Transcribe every line below exactly; no image goes into the output.

+ + +

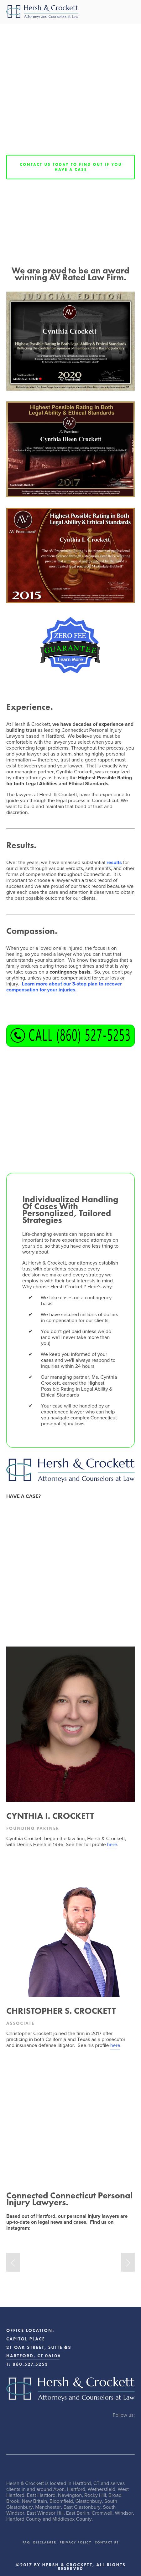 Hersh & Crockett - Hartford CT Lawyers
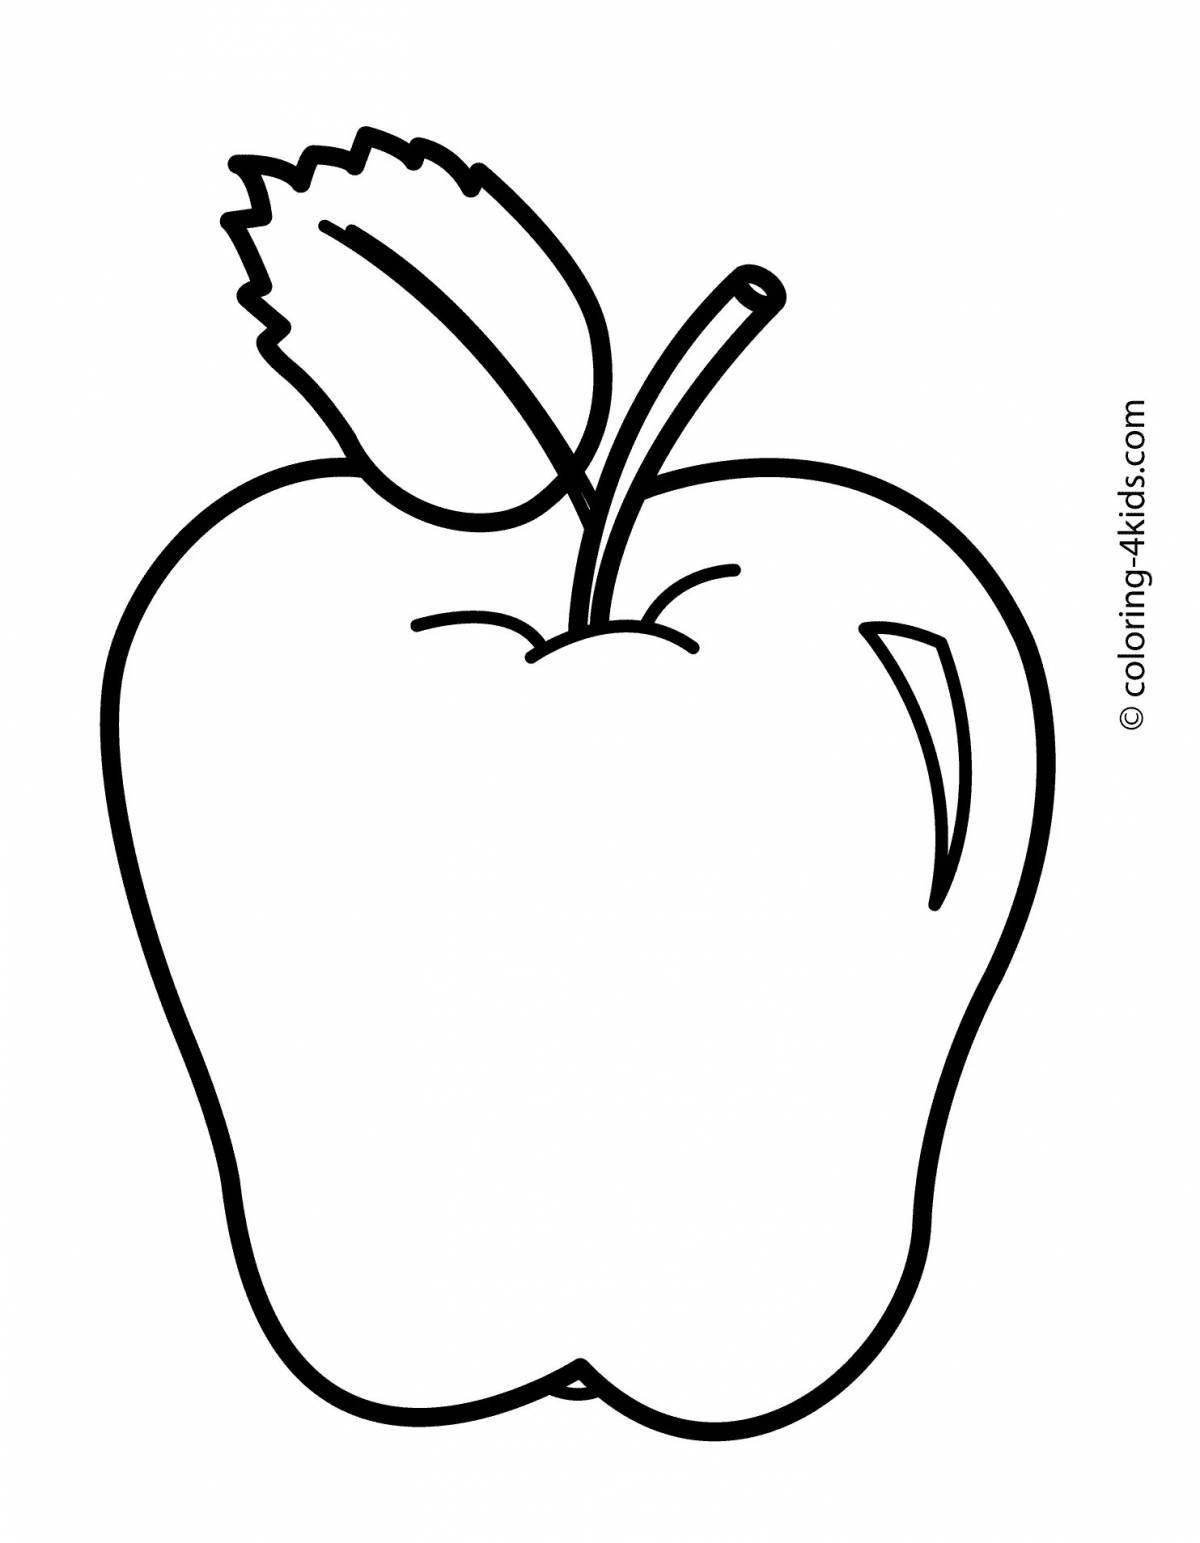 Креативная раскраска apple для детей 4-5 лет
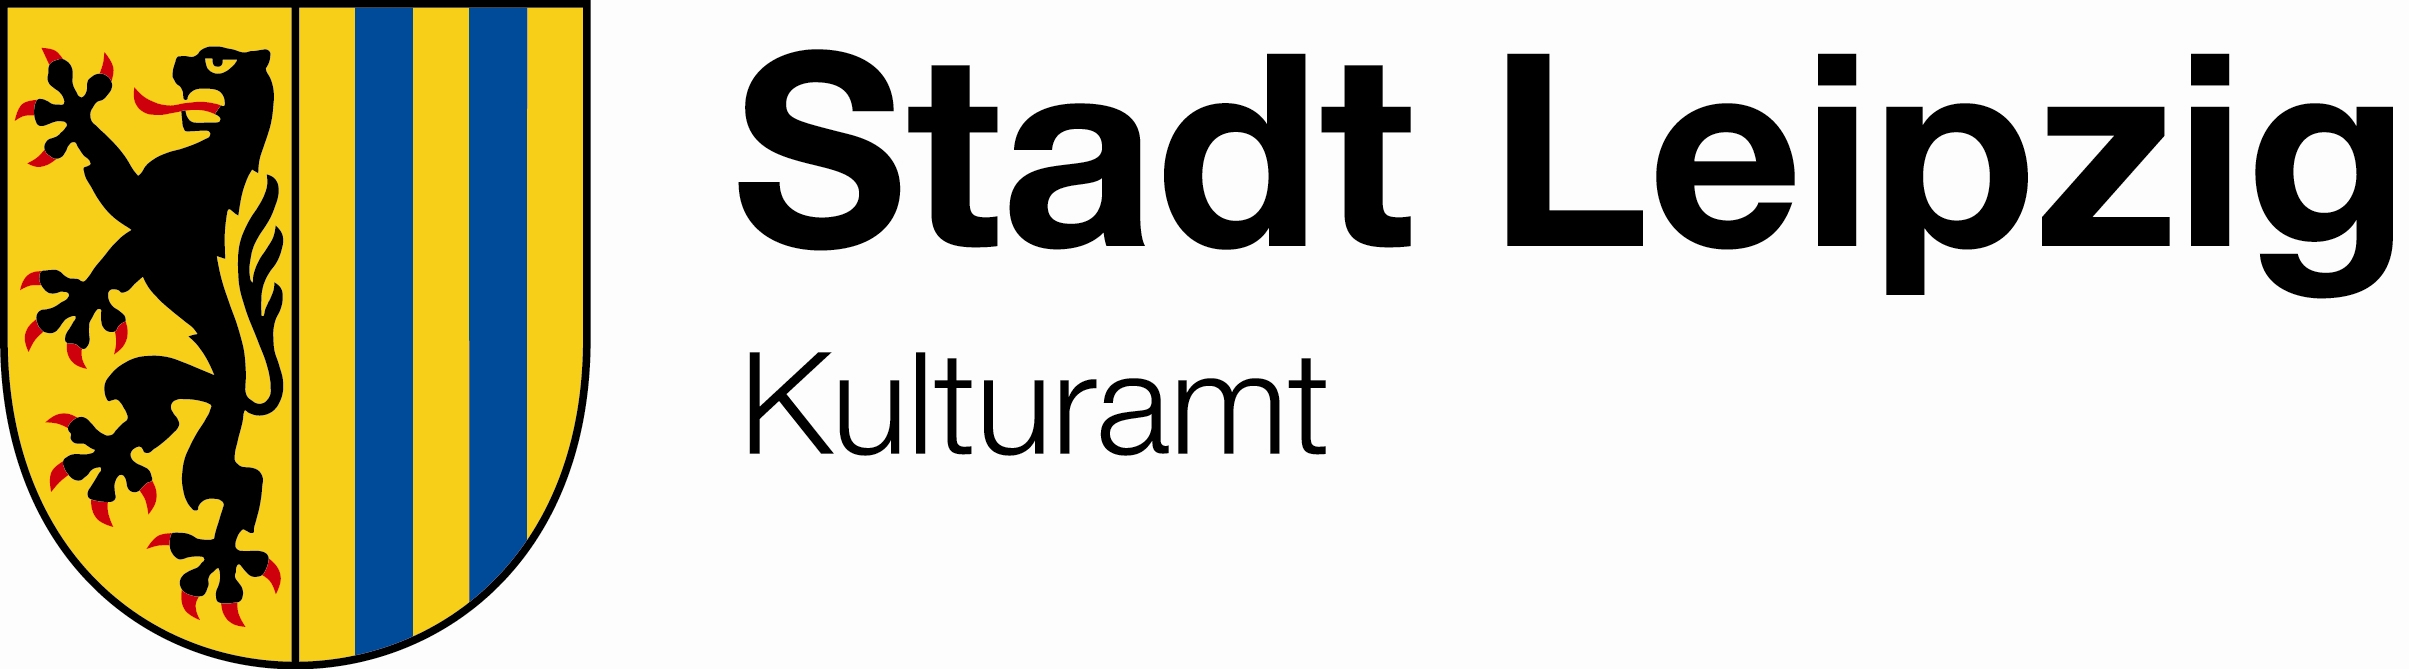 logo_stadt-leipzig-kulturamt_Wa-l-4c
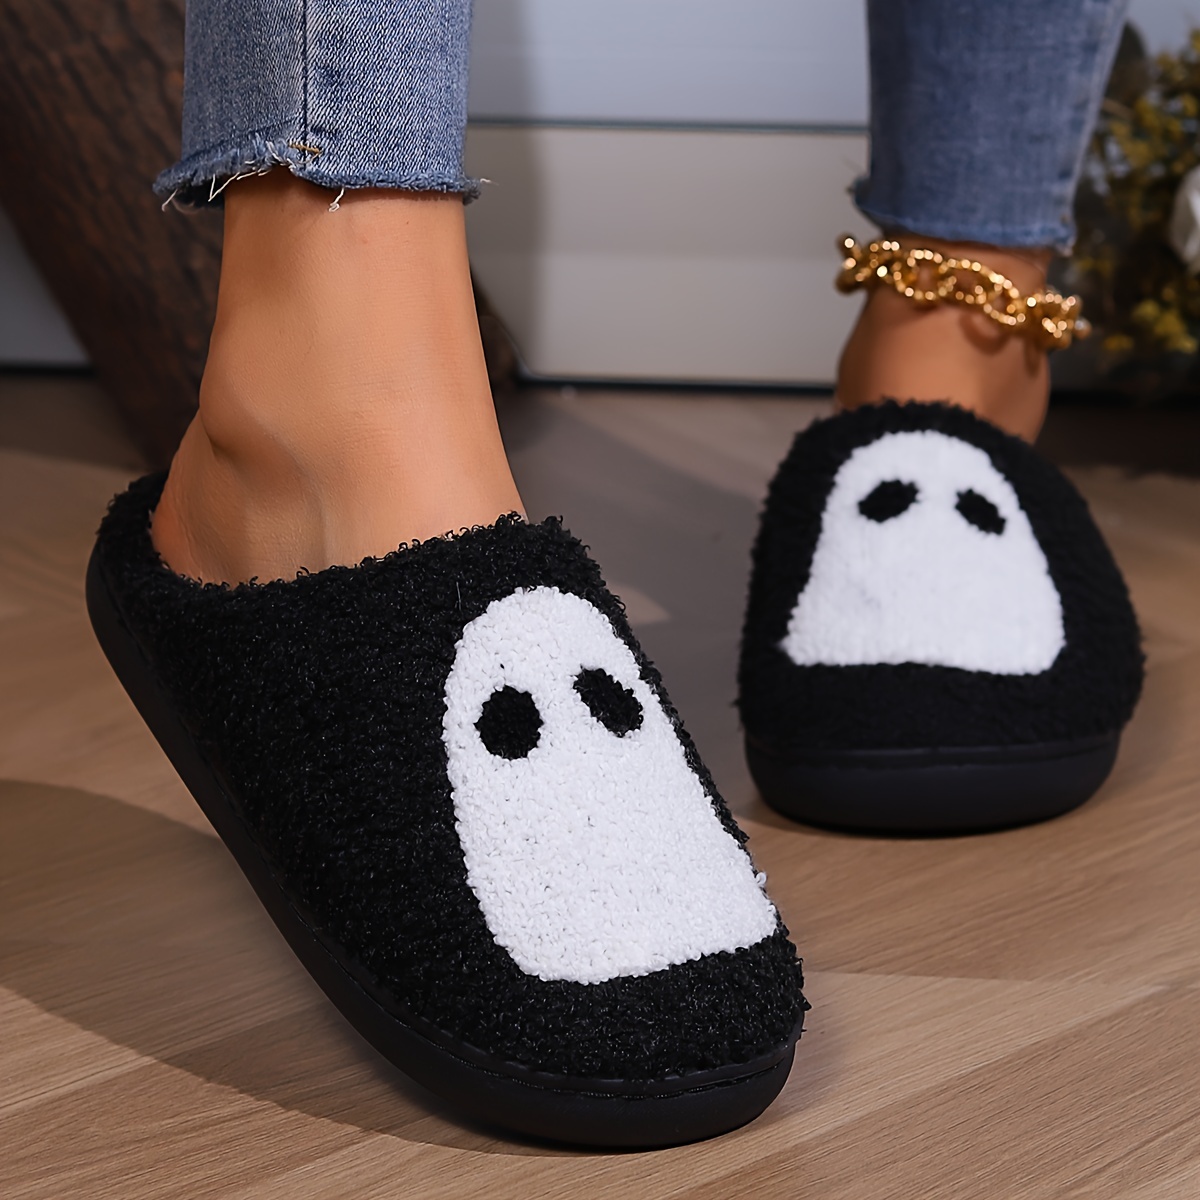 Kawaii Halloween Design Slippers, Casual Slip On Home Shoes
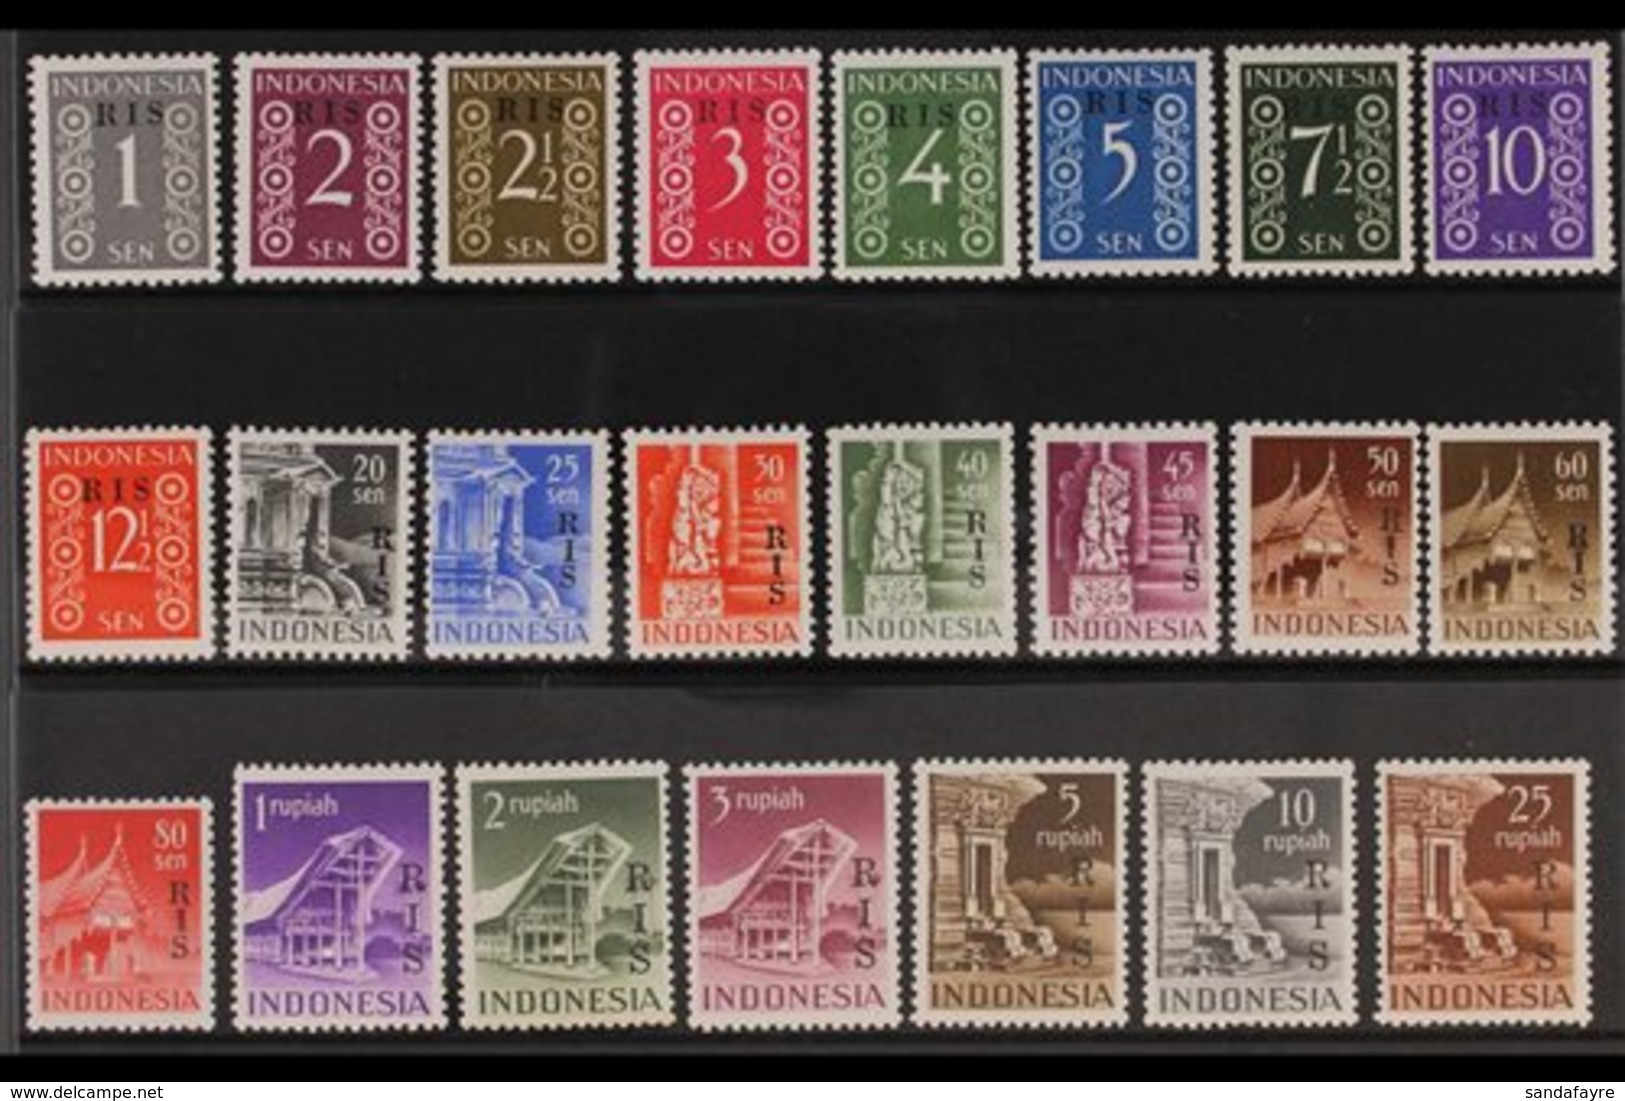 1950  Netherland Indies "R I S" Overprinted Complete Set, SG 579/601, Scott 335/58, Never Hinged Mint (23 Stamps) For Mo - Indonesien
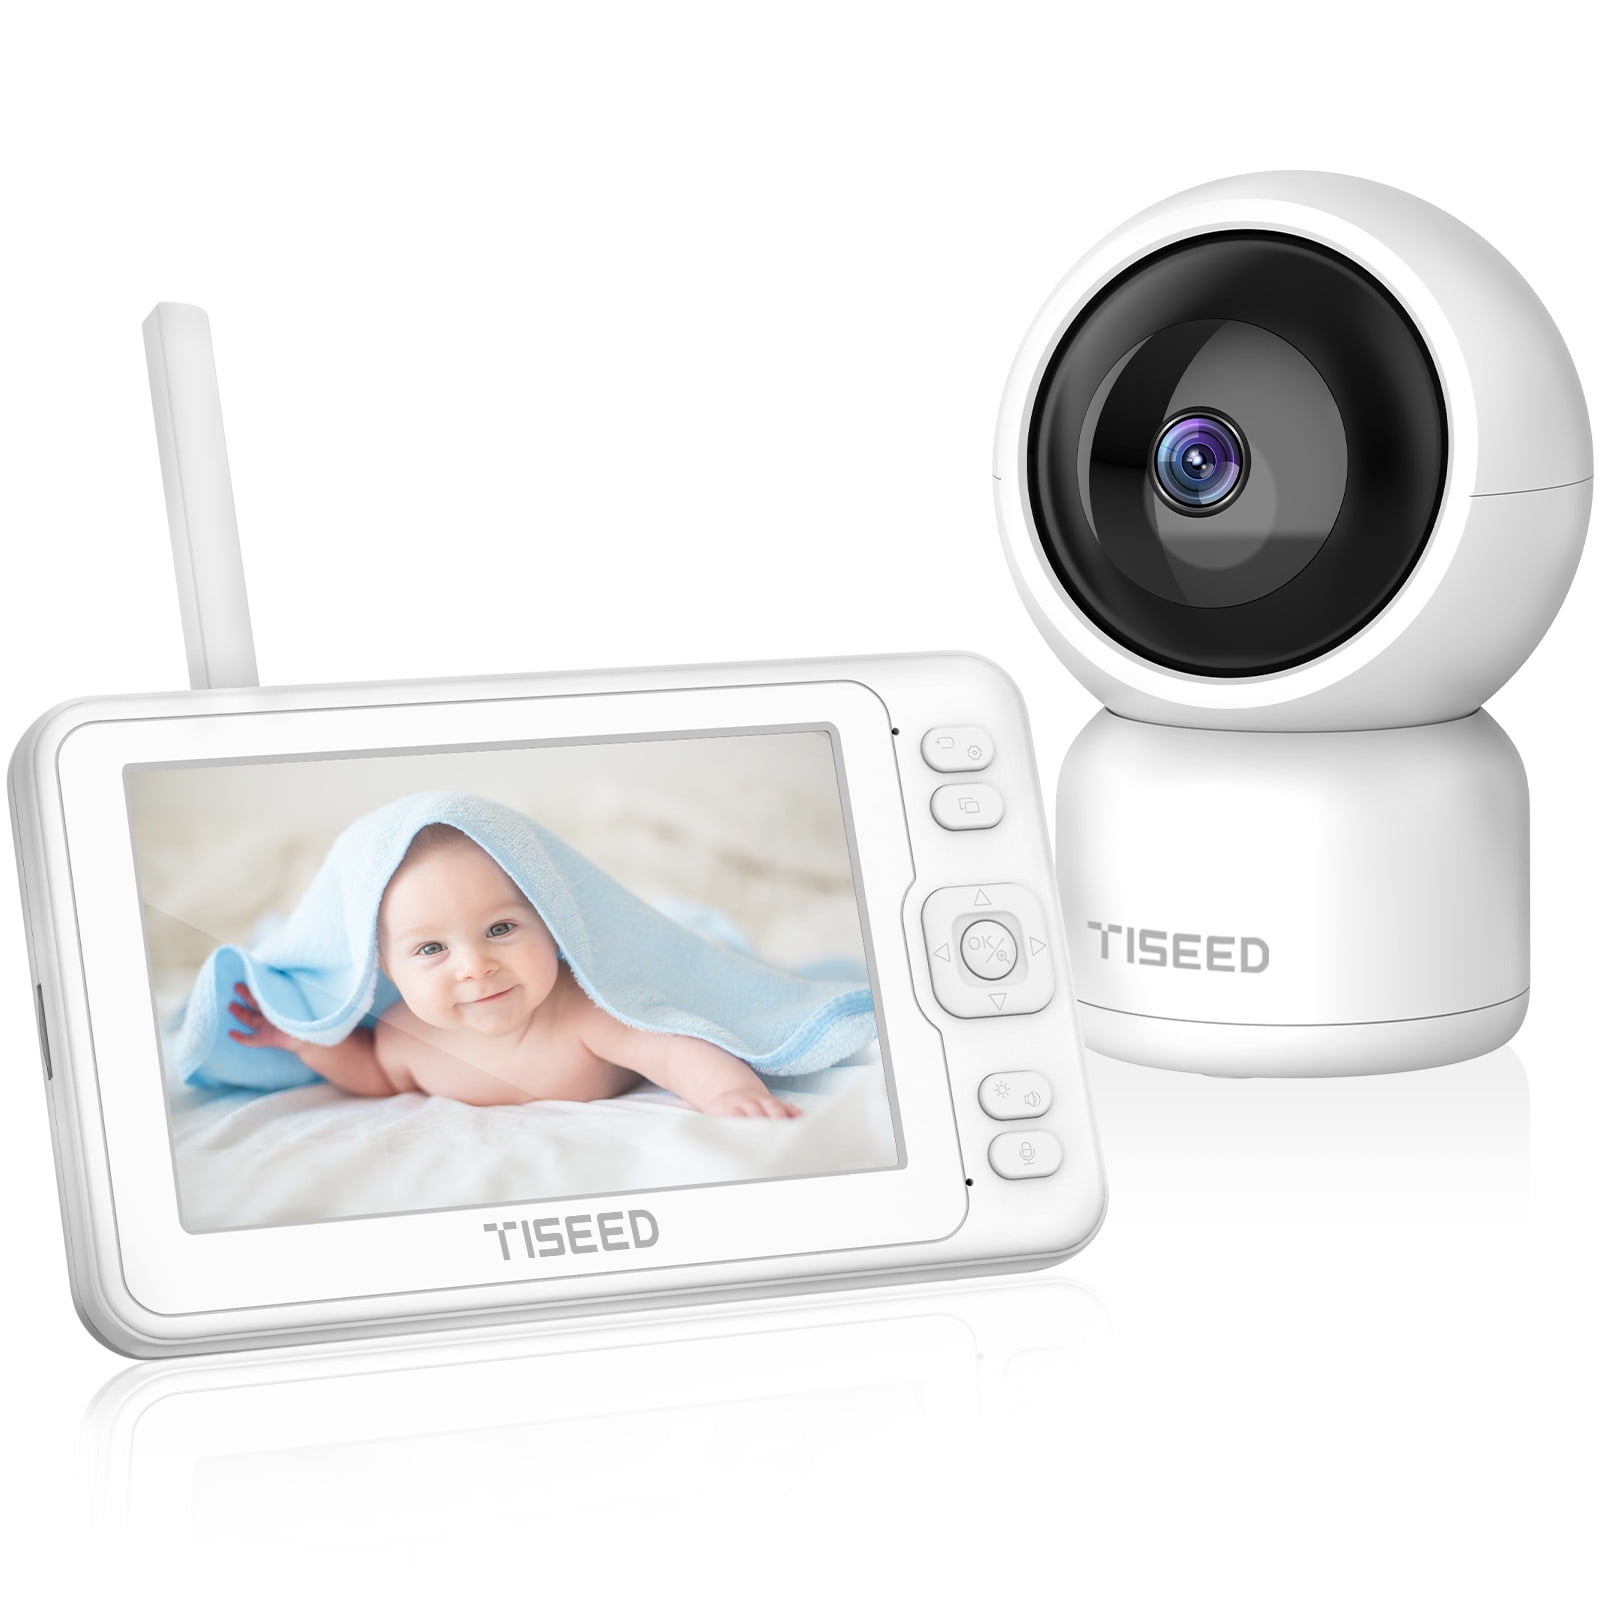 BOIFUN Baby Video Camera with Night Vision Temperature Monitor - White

+ + +

# Solved exercise:
 Hersh & Crockett - Hartford CT Lawyers
 Креативная раскраска apple для детей 4-5 лет
 logo_stadt-leipzig-kulturamt_Wa-l-4c
 Kawaii Halloween Design Slippers, Casual Slip On Home Shoes
 1950  Netherland Indies "R I S" Overprinted Complete Set, SG 579/601, Scott 335/58, Never Hinged Mint (23 Stamps) For Mo - Indonesien
 BOIFUN Baby Video Camera with Night Vision Temperature Monitor - White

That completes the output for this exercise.